Information shown >>
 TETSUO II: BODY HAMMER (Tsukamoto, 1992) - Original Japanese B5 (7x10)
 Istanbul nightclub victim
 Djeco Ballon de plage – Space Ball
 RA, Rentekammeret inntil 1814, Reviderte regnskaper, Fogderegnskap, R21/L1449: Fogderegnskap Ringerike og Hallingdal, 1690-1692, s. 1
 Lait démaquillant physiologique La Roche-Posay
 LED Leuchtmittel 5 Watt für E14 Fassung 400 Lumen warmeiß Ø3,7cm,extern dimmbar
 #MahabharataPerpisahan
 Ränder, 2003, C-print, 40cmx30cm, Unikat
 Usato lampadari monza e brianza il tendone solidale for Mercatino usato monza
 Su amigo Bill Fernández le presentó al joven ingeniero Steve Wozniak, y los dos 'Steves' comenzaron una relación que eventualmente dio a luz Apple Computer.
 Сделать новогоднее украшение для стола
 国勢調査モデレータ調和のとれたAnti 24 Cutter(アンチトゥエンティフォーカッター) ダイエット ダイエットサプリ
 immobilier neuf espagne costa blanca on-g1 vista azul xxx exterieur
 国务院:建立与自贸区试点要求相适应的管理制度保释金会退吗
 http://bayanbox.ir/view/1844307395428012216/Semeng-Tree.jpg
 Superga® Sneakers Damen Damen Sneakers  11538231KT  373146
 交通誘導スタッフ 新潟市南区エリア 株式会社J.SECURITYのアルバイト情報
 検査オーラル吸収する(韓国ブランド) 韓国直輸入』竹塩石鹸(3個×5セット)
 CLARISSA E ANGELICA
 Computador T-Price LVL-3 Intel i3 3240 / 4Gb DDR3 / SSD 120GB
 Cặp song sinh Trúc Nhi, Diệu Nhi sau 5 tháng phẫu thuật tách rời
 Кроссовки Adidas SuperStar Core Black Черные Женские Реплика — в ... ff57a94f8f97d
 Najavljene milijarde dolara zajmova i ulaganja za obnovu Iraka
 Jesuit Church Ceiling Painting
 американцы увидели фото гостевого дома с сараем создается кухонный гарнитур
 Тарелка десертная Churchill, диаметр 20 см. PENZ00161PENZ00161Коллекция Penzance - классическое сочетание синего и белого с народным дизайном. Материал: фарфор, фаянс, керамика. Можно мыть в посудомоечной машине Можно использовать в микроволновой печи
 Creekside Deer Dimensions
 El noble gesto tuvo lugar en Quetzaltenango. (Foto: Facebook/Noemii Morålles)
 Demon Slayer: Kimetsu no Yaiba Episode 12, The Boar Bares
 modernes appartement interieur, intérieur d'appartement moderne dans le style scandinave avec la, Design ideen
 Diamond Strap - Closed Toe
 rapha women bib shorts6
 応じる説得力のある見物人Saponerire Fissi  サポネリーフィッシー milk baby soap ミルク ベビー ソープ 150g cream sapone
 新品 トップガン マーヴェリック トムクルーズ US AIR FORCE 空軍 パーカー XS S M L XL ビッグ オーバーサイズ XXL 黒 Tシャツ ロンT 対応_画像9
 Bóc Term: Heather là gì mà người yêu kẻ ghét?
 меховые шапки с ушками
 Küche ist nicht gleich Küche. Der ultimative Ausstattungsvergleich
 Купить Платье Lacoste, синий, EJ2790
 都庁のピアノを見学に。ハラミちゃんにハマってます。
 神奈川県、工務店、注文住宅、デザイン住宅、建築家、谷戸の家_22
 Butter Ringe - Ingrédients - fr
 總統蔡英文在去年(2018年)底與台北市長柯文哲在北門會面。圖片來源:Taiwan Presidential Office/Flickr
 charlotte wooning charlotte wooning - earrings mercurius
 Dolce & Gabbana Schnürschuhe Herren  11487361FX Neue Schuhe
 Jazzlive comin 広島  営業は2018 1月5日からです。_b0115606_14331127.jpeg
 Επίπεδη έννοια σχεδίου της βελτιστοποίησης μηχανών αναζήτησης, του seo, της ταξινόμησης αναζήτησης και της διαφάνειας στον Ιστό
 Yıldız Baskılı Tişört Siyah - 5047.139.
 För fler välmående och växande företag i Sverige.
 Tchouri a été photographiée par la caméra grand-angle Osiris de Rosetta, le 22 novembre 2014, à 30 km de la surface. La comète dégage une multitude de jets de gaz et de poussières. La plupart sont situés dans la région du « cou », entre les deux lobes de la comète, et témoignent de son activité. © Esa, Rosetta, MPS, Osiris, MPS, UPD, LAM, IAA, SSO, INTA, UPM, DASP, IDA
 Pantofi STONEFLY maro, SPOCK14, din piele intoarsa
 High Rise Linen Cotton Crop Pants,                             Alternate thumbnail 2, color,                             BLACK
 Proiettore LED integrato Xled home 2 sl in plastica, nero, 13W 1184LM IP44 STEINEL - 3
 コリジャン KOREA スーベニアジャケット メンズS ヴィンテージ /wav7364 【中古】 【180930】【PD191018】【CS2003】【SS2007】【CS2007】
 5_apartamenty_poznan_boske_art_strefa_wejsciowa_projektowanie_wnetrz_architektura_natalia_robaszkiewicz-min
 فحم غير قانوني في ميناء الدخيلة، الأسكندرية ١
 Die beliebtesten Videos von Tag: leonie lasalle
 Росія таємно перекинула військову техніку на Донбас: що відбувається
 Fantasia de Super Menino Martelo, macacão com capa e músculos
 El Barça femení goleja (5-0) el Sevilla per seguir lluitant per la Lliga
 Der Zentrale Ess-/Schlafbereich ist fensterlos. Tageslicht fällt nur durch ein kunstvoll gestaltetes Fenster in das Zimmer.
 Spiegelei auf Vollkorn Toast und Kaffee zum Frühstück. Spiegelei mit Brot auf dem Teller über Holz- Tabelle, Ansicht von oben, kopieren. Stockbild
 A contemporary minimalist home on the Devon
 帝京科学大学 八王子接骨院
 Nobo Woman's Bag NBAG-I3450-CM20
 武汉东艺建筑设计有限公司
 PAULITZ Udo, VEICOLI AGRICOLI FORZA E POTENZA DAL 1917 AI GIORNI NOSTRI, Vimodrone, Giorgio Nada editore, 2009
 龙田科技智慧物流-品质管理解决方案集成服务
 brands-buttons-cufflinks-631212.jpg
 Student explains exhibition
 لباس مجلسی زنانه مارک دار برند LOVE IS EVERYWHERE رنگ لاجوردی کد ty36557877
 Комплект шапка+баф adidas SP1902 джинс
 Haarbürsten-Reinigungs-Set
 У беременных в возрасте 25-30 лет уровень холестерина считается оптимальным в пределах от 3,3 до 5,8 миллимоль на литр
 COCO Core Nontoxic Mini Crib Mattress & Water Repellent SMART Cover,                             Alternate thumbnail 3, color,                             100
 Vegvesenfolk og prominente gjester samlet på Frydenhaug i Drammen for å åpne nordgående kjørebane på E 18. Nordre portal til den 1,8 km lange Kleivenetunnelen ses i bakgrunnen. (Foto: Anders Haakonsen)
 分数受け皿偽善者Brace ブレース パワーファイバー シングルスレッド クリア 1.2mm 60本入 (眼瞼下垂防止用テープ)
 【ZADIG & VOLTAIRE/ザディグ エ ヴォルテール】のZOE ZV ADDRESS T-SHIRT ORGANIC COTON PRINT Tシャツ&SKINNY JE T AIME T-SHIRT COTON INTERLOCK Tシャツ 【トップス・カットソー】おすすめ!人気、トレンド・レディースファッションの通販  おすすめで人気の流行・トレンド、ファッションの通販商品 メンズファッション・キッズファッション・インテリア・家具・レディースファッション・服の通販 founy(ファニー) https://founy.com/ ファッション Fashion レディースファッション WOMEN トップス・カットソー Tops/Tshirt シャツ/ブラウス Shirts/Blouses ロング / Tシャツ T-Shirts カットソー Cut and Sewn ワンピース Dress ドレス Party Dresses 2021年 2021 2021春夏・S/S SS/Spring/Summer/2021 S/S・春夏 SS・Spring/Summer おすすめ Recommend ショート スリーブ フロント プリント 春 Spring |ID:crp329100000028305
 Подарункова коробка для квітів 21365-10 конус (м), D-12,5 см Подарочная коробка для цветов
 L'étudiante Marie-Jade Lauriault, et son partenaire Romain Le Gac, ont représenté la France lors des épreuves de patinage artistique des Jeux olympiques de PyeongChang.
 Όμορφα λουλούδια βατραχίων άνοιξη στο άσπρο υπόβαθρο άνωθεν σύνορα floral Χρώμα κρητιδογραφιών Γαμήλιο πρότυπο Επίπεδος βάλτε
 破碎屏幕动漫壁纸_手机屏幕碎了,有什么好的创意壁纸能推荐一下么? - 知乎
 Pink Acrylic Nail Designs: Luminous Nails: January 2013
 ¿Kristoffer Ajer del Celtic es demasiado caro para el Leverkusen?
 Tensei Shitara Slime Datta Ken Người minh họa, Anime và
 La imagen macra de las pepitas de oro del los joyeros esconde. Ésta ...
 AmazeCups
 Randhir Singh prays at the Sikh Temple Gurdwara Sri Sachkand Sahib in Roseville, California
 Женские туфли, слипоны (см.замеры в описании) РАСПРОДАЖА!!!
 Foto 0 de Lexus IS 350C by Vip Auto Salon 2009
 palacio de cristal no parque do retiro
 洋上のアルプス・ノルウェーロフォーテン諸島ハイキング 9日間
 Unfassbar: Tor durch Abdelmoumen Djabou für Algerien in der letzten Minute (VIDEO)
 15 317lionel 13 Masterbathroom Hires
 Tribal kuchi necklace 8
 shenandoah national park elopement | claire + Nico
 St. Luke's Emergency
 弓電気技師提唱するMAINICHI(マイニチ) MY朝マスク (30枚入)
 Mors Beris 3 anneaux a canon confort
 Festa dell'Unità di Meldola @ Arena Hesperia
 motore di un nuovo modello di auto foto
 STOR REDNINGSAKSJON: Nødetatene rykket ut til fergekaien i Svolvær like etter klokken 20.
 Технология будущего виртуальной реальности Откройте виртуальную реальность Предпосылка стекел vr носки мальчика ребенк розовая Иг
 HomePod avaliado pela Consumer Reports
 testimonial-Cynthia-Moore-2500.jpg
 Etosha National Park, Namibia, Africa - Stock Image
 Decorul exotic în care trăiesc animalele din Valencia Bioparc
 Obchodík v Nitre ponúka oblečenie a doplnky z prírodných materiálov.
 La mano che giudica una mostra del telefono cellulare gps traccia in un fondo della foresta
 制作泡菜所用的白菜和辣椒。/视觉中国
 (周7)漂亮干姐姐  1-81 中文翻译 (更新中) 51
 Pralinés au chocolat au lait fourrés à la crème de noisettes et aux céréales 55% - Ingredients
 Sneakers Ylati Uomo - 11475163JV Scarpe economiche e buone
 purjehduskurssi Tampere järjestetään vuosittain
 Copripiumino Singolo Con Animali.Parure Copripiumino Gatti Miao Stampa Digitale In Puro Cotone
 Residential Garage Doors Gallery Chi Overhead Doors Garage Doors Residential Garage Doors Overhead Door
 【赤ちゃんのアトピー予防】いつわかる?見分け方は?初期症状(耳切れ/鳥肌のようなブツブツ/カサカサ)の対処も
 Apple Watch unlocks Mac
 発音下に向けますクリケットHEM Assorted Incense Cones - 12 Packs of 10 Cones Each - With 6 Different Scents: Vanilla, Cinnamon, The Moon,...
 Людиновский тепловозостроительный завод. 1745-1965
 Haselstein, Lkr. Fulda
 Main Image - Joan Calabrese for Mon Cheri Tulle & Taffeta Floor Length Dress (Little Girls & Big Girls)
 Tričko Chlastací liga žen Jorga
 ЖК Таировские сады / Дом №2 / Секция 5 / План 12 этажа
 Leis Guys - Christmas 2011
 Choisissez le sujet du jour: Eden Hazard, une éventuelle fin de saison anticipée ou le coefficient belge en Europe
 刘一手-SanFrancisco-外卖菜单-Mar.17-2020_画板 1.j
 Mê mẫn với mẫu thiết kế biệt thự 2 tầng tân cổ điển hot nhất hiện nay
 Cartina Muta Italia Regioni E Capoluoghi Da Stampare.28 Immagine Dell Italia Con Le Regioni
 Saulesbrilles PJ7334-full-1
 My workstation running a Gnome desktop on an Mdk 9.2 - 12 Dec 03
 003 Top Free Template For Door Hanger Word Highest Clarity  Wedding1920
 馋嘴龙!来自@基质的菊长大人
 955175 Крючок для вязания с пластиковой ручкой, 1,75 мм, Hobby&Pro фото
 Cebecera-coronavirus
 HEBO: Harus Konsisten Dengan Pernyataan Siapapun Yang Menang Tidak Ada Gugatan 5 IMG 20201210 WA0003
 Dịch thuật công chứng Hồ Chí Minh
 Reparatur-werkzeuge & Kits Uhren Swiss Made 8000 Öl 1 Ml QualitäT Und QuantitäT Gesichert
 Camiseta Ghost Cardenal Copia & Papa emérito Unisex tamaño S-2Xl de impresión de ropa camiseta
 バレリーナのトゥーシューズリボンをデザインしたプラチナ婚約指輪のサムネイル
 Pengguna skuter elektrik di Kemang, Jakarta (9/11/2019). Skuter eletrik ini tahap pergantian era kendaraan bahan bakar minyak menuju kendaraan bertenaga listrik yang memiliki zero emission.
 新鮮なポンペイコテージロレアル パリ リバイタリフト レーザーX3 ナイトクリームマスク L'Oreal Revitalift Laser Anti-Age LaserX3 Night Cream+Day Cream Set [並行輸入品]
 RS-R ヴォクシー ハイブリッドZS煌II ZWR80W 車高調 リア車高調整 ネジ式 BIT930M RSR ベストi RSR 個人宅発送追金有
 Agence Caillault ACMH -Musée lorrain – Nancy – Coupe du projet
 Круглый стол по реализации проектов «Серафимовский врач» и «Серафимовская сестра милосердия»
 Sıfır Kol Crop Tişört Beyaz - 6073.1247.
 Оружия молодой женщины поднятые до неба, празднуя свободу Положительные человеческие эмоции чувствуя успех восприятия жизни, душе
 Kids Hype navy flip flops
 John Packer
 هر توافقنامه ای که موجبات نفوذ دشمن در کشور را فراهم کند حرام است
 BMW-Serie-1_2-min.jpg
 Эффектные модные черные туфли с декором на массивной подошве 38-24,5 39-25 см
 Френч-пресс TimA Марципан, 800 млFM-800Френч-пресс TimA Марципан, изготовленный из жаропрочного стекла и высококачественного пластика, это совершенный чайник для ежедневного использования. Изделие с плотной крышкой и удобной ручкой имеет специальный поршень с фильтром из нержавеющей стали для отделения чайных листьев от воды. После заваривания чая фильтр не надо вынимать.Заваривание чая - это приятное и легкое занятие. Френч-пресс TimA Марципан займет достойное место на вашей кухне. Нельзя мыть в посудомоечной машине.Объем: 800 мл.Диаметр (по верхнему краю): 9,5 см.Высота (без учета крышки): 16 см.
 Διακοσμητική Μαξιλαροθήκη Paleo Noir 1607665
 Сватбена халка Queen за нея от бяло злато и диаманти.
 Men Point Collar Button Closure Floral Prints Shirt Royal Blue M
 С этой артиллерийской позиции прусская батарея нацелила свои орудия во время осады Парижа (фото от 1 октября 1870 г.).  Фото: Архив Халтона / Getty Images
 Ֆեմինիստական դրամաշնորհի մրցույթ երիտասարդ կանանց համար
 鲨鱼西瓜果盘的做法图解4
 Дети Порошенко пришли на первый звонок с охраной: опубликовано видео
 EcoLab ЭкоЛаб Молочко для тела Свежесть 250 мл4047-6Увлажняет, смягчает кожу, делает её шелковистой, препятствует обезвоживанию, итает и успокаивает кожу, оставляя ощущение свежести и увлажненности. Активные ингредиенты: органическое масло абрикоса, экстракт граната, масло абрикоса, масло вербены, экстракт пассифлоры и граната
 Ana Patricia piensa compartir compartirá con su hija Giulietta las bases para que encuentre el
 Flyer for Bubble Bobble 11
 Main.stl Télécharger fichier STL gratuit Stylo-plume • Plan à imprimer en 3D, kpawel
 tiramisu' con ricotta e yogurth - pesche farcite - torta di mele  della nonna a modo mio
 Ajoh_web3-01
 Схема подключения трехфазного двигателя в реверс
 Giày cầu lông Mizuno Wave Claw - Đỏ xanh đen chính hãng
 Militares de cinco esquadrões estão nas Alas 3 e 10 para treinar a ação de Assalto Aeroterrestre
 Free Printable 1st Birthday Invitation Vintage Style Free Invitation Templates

What is required >> Repeat, character for character, the lines of the material above from the line with "Тарелка десертная Churchill, диаметр" through the line with "Pantofi STONEFLY maro, SPOCK14, din".

Answer area >>
 Тарелка десертная Churchill, диаметр 20 см. PENZ00161PENZ00161Коллекция Penzance - классическое сочетание синего и белого с народным дизайном. Материал: фарфор, фаянс, керамика. Можно мыть в посудомоечной машине Можно использовать в микроволновой печи
 Creekside Deer Dimensions
 El noble gesto tuvo lugar en Quetzaltenango. (Foto: Facebook/Noemii Morålles)
 Demon Slayer: Kimetsu no Yaiba Episode 12, The Boar Bares
 modernes appartement interieur, intérieur d'appartement moderne dans le style scandinave avec la, Design ideen
 Diamond Strap - Closed Toe
 rapha women bib shorts6
 応じる説得力のある見物人Saponerire Fissi  サポネリーフィッシー milk baby soap ミルク ベビー ソープ 150g cream sapone
 新品 トップガン マーヴェリック トムクルーズ US AIR FORCE 空軍 パーカー XS S M L XL ビッグ オーバーサイズ XXL 黒 Tシャツ ロンT 対応_画像9
 Bóc Term: Heather là gì mà người yêu kẻ ghét?
 меховые шапки с ушками
 Küche ist nicht gleich Küche. Der ultimative Ausstattungsvergleich
 Купить Платье Lacoste, синий, EJ2790
 都庁のピアノを見学に。ハラミちゃんにハマってます。
 神奈川県、工務店、注文住宅、デザイン住宅、建築家、谷戸の家_22
 Butter Ringe - Ingrédients - fr
 總統蔡英文在去年(2018年)底與台北市長柯文哲在北門會面。圖片來源:Taiwan Presidential Office/Flickr
 charlotte wooning charlotte wooning - earrings mercurius
 Dolce & Gabbana Schnürschuhe Herren  11487361FX Neue Schuhe
 Jazzlive comin 広島  営業は2018 1月5日からです。_b0115606_14331127.jpeg
 Επίπεδη έννοια σχεδίου της βελτιστοποίησης μηχανών αναζήτησης, του seo, της ταξινόμησης αναζήτησης και της διαφάνειας στον Ιστό
 Yıldız Baskılı Tişört Siyah - 5047.139.
 För fler välmående och växande företag i Sverige.
 Tchouri a été photographiée par la caméra grand-angle Osiris de Rosetta, le 22 novembre 2014, à 30 km de la surface. La comète dégage une multitude de jets de gaz et de poussières. La plupart sont situés dans la région du « cou », entre les deux lobes de la comète, et témoignent de son activité. © Esa, Rosetta, MPS, Osiris, MPS, UPD, LAM, IAA, SSO, INTA, UPM, DASP, IDA
 Pantofi STONEFLY maro, SPOCK14, din piele intoarsa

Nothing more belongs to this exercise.